According to a new study, American engineers have created a nozzle for VR helmets, in which a smartphone is inserted, which allows you to determine the pose of the body and lips of the user, as well as his appearance. The nozzle consists of two mirror hemispheres mounted in front of the smartphone’s camera and allowing it to act as a simple depth camera. The development was presented at the UIST 2019 conference.
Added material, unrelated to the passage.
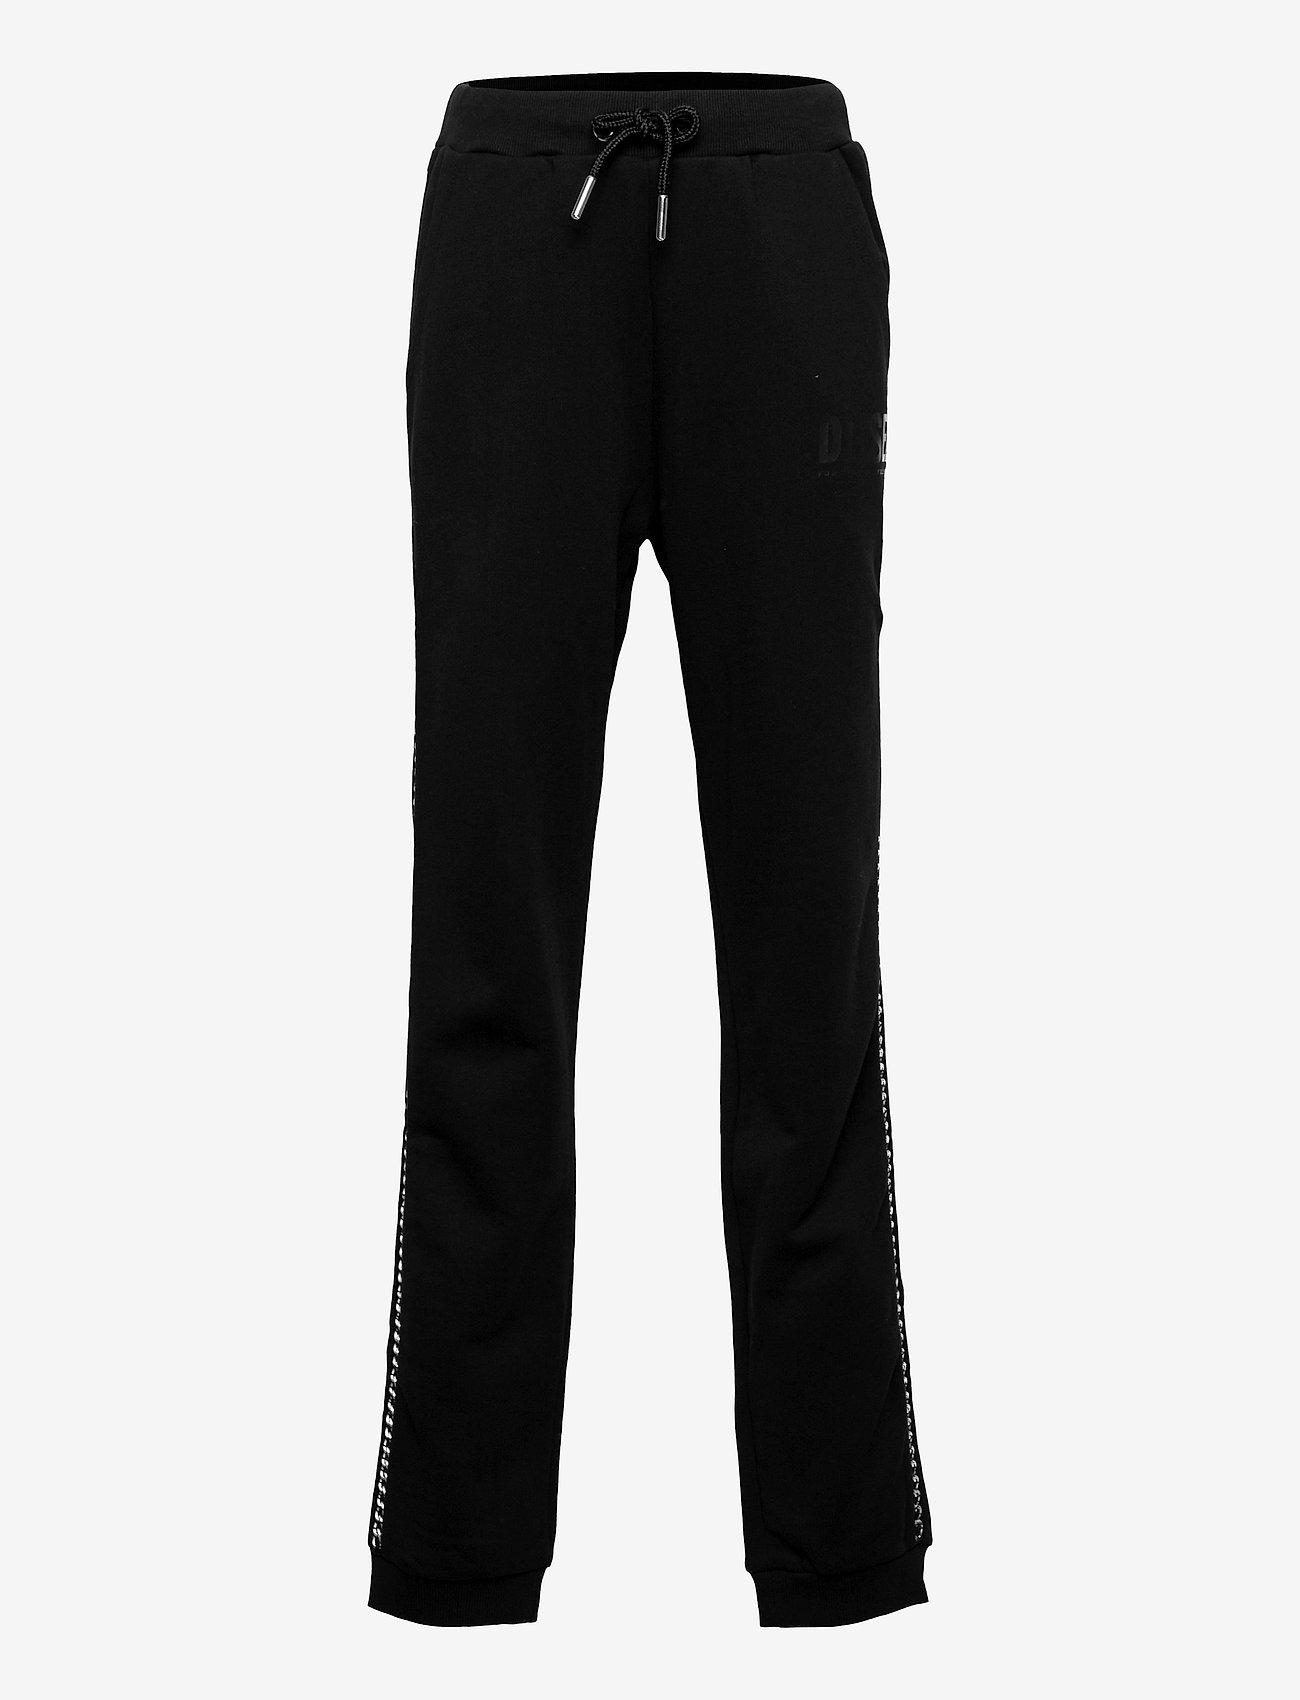 Diesel - PELINA TROUSERS - trousers - nero - 0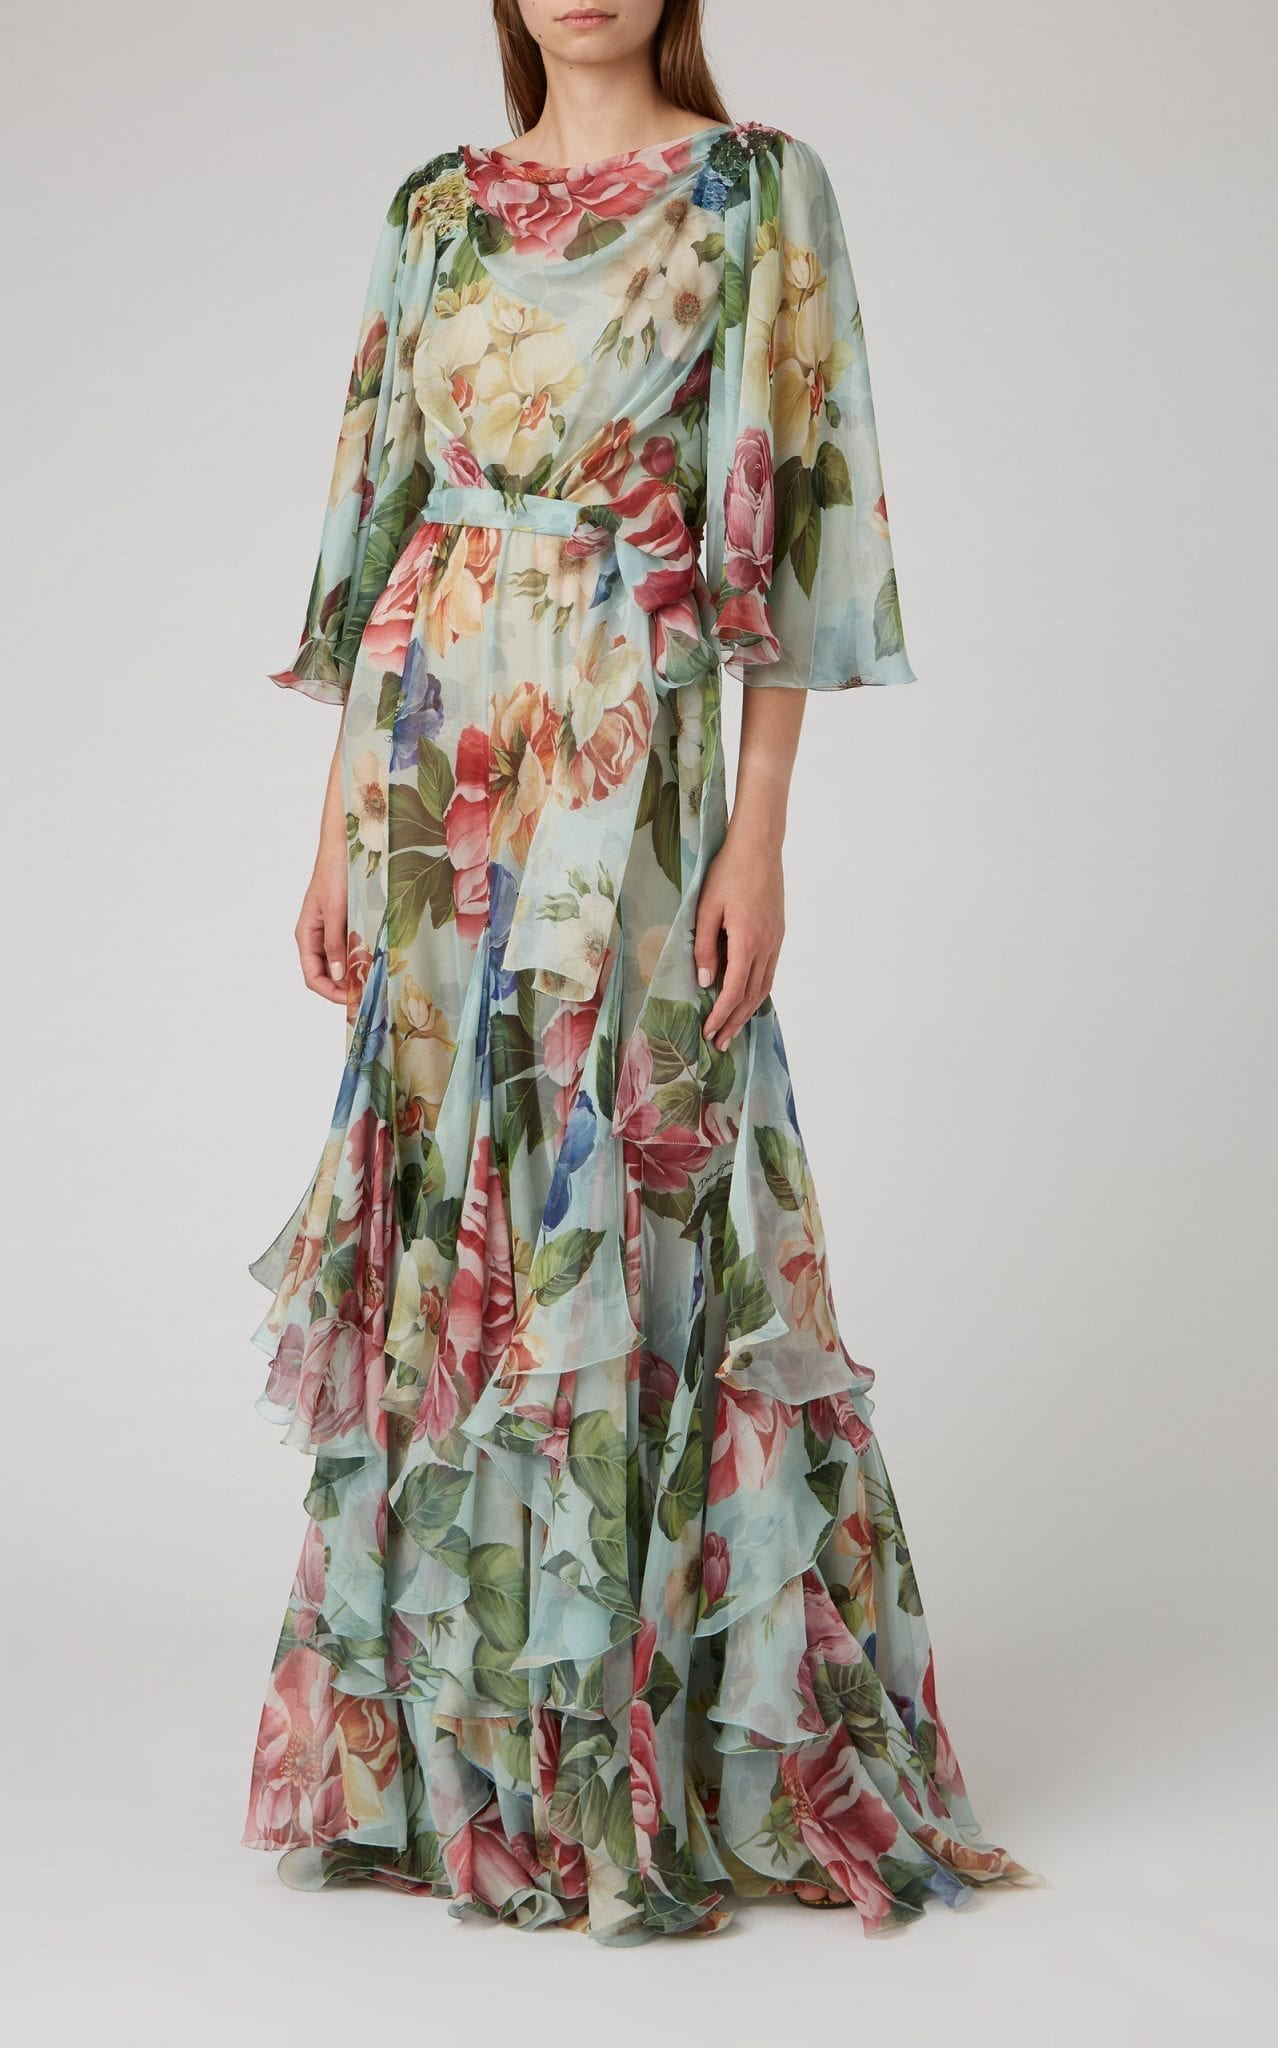 DOLCE & GABBANA Floral-Print Ruffled Silk Gown

Many modern virtual reality systems are equipped with sensors for motion capture, which allows a more realistic picture of the user in the virtual world and use hands to interact with objects. Typically, such a system consists of several cameras on the front surface of the helmet, directed in different directions. However, in addition to full-fledged VR helmets, there are entry-level helmets that work thanks to the smartphone inserted into them, which displays the image of the virtual world on the screen.
Since most modern smartphones are equipped with relatively high-quality cameras, engineers from Carnegie Mellon University, led by Robert Xiao, suggested using an integrated camera to track the user’s body movements. In helmets that require a smartphone to be installed, the smartphone is positioned in such a way that its cameras are directed away from the user. This does not allow them to be used to capture body movements. Engineers solved this problem by using two mirrored hemispheres in front of the camera.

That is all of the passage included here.